The state of Connecticut spends a lot of money supporting school districts, paying nearly 10 percent of the state budget in direct grants.

And each year cities and towns put up a fight at the Capitol to keep their share of funds.

The state’s educational cost sharing grants are paid based on a complicated formula that is intended to determine need.

The state also pays to build most schools, at least in part, but it varies the subsidies for each district. For districts with limited resources, the state gives a bigger subsidy.

But when it comes to teacher pensions, the system of payments is not so intentional.

Teacher pensions are based on a statewide formula – years of service times 2 percent times final salary – that doesn’t take district ability to pay into account.

Because wealthier districts tend to pay their teachers more, the state pays their teachers bigger pensions, reversing the way other state education subsidies work.

When a school district pays a teacher’s salary, they are only paying a portion of that salary’s true cost. The state ends up paying the other portion when the teacher retires.

While ECS grants make up 10 percent of the state budget, they are falling in proportion to the state budget. Teacher pension contributions, on the other hand, are nearly 4 percent of the state budget and growing.

Retired teachers from Danbury, the district with the highest average, get about $43,700 per year, according to data obtained from the Teachers’ Retirement Board. Portland’s retired teachers, at the bottom of the list, average $28,500.
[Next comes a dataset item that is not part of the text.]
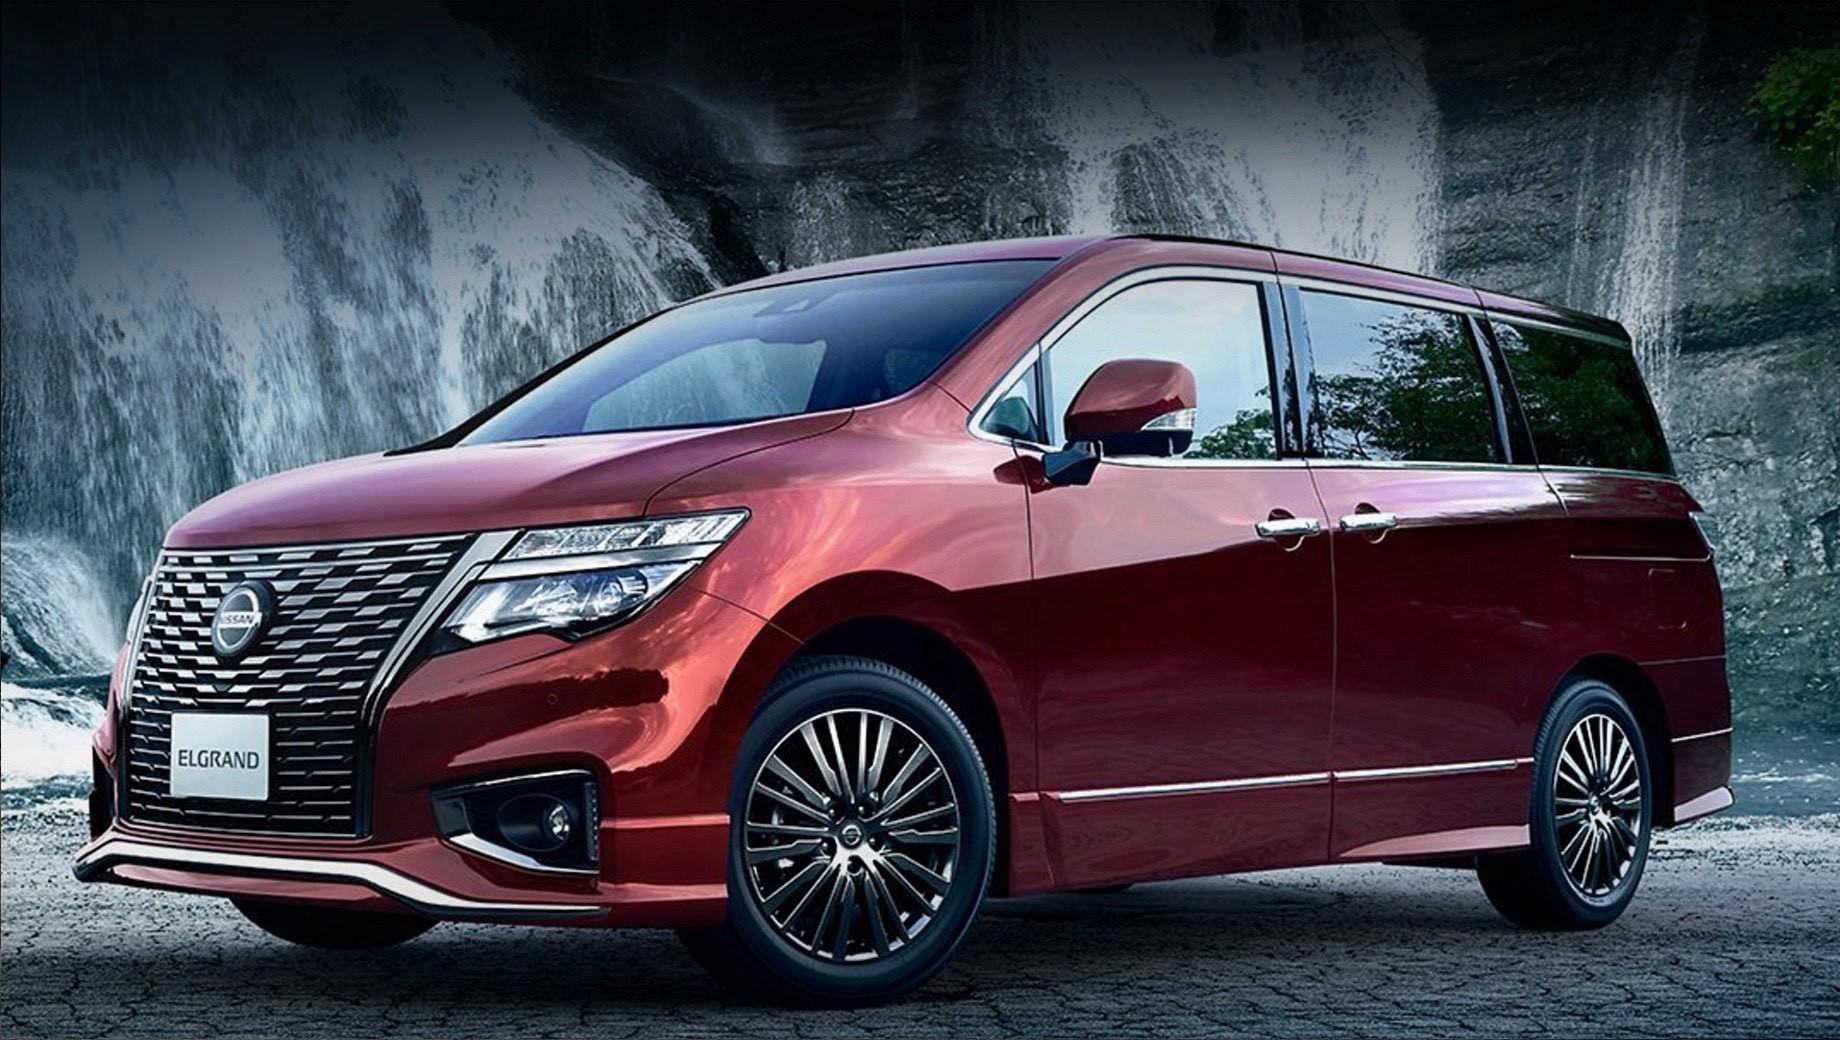 После обновления Nissan Elgrand стал богаче снаружи и внутри

Hamden is the median district with average payments of about $36,000.

The range is much more drastic when the state’s contribution in the form of pensions is compared to its direct contribution through ECS grants.

Westport gets 6.5 times as much for pensions as it does from ECS, while Griswold gets less than one-fifth its ECS grant in the form of pension payments.

Greenwich, Weston, New Canaan and Ridgefield all get more than five times as much from pensions as they do from ECS.

Greenwich is among the bottom third of ECS recipients, but with pension and ECS payments combined it is in the top third of recipients. Stamford moves from the middle to the top 15.

The biggest cities are not negatively affected by the pension subsidy because their ECS grants are so much larger. The losers are mostly small and rural districts: Oxford, Putnam, Lebanon, Thomaston, Thompson, East Haddam, Somers, Canton, East Hampton and Griswold.